Limitations & Future Work

  1. Evaluation is limited to a single dataset (V2C-Animation), which consists of animated films; performance on live-action movie dubbing remains unknown.
  2. The absolute value of emotion accuracy (EMO-ACC) remains low (47.21% vs. 99.96% for ground truth), indicating a substantial gap from human-level performance.
  3. WER (25.95) is not optimal (Speaker2Dubber achieves 18.27), suggesting that emotion enhancement may slightly compromise pronunciation accuracy.
  4. Library construction and retrieval processes introduce additional computational overhead during inference, potentially affecting real-time applicability.
  5. The Top-K value is fixed at \(K=3\), with no mechanism for dynamic adjustment.
  6. Explicit modeling of controllable attributes (e.g., speech rate, pitch) is not explored.
  • RAG (Retrieval-Augmented Generation): Authentic-Dubber differs from standard RAG in that (1) it computes similarity across multiple emotional modalities and (2) it employs a progressive graph structure rather than directly concatenating retrieved results.

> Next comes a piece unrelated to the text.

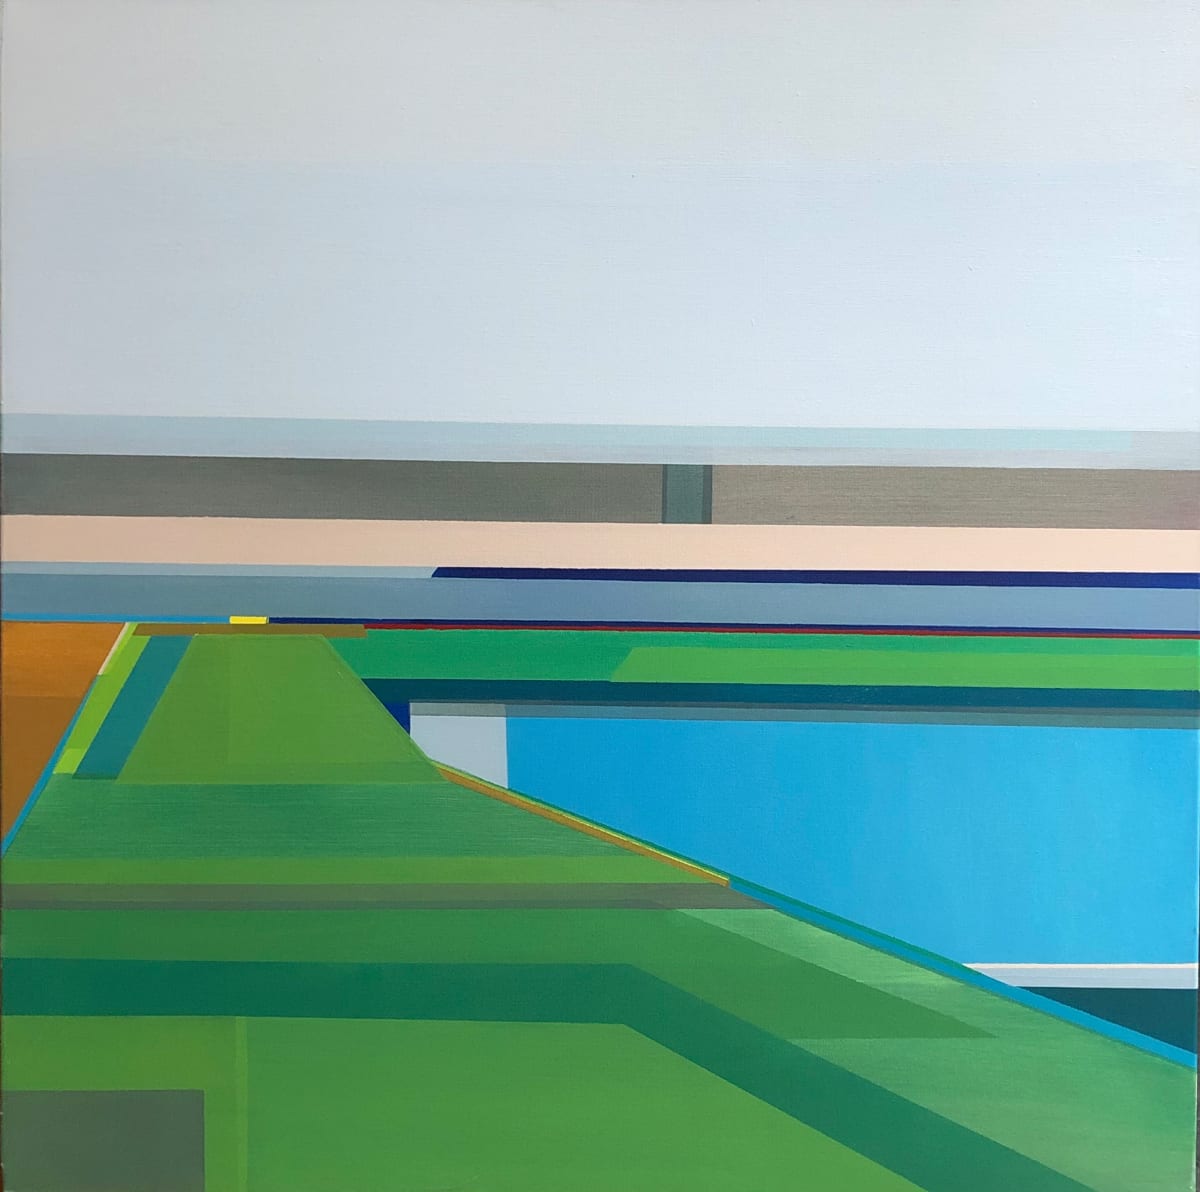 When the fog lifts by Shilo Ratner  Image: When the fog lifts, 30" x 30"

  • StyleDubber: Serves as the base architecture for cross-modal alignment.
  • Emotion2Vec: A general emotion representation model used to extract direct emotional audio features.
  • Insight: Translating domain workflows into model architectures is an underutilized design methodology, particularly well-suited for tasks with well-defined human processes.

Rating

  • Novelty: ⭐⭐⭐⭐ (Workflow-modeling perspective is novel, though individual components—RAG, GNN, LLM-based emotion extraction—are combinations of existing techniques.)

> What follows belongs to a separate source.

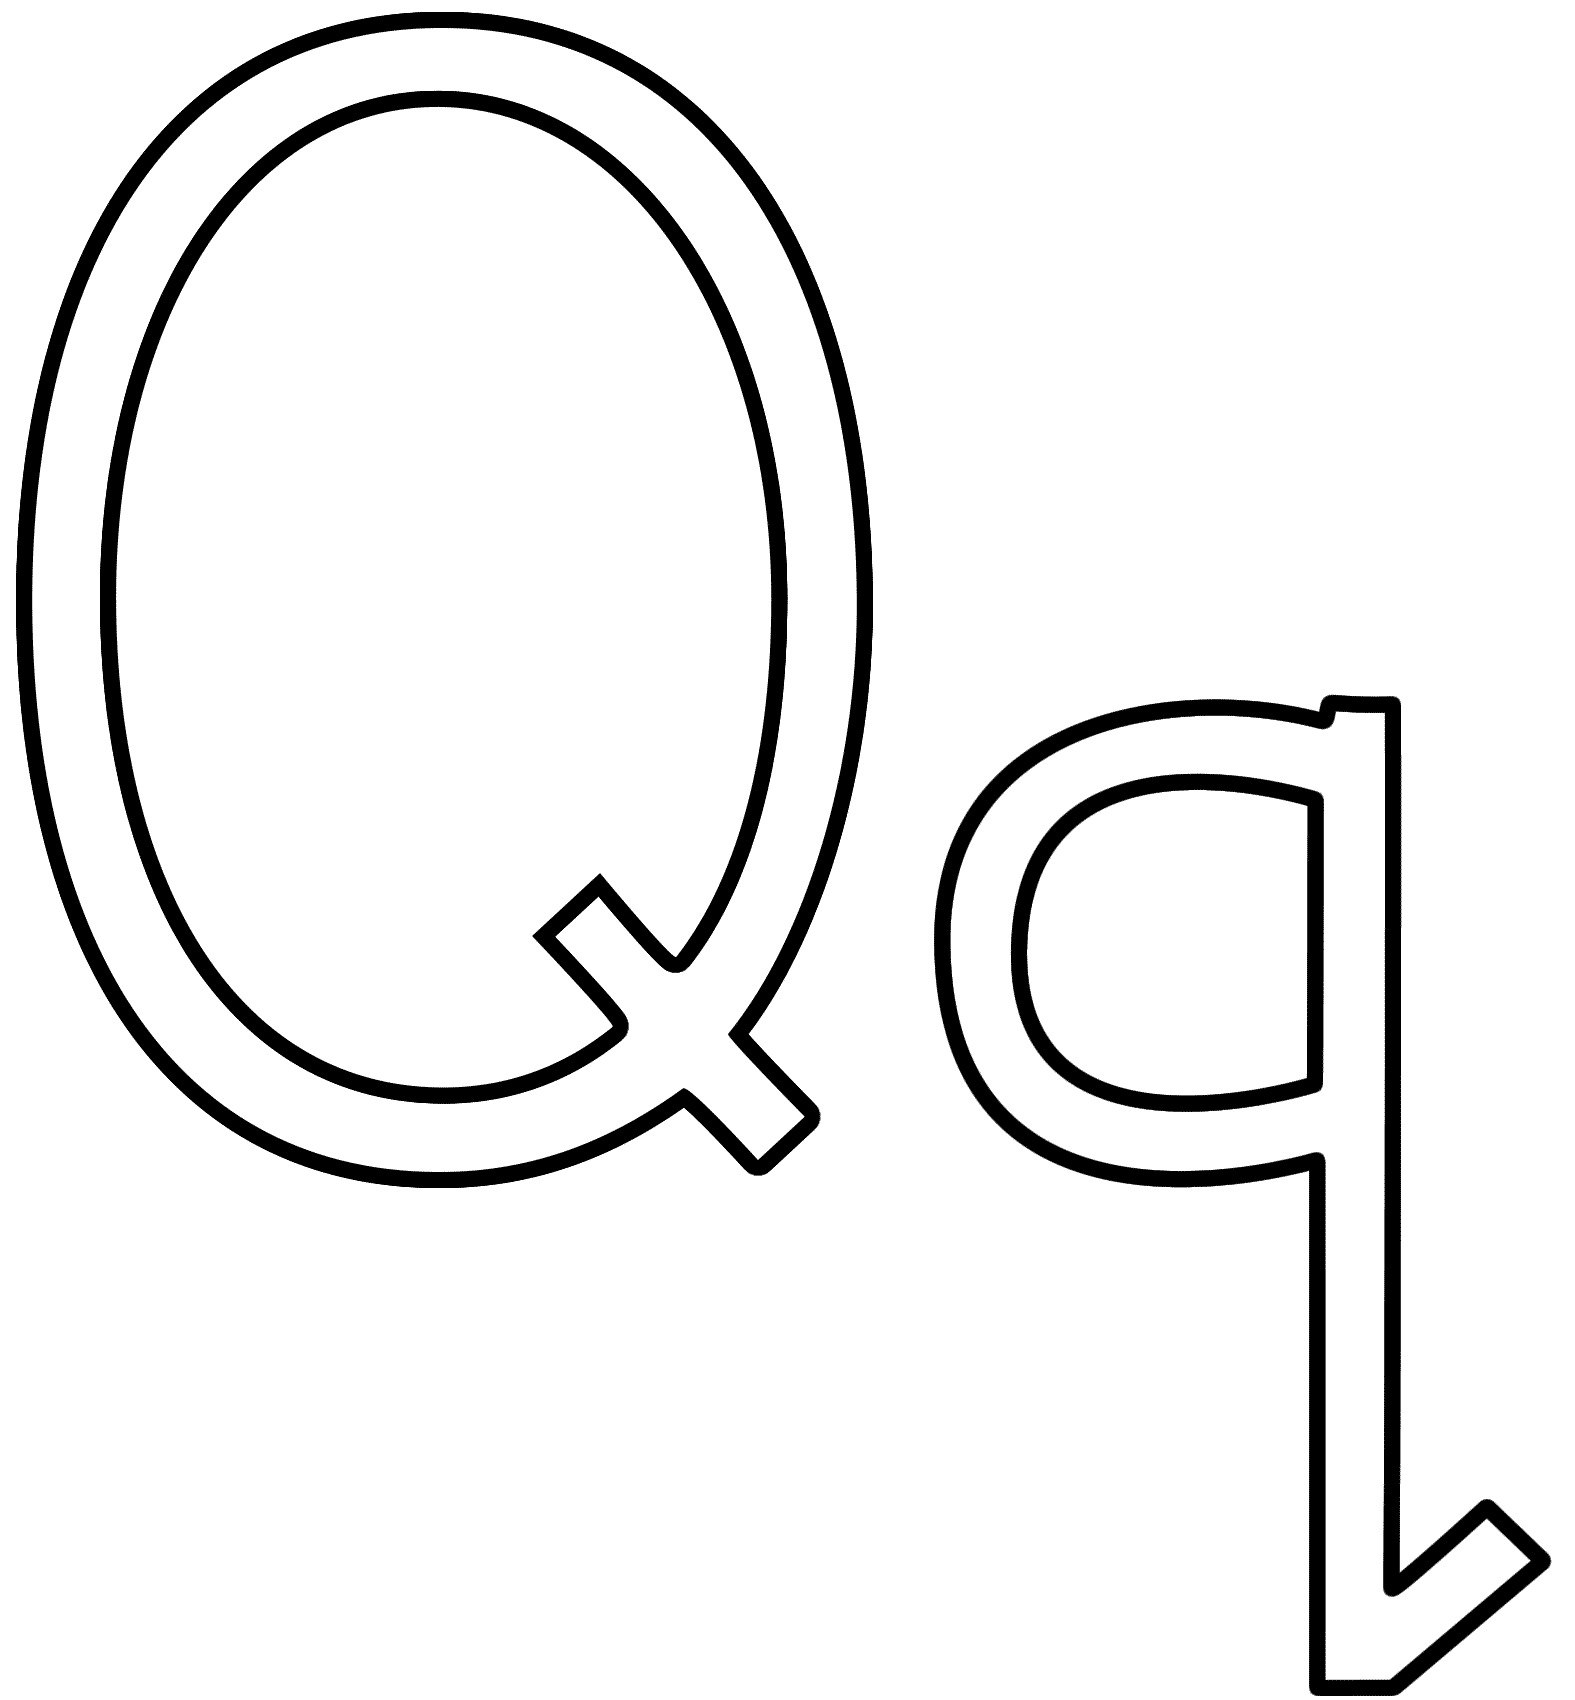 Coloring Pages Letter Q Coloring Home

  • Experimental Thoroughness: ⭐⭐⭐⭐⭐ (Main results + 12 ablation groups + retrieval analysis + similarity metric analysis + spectrogram visualization; very comprehensive.)
  • Writing Quality: ⭐⭐⭐⭐ (The "director-actor" metaphor runs throughout the paper, with a coherent narrative.)
  • Value: ⭐⭐⭐⭐ (Advances the fields of movie dubbing and expressive speech synthesis; the combination of RAG with multimodal emotion modeling is inspiring.)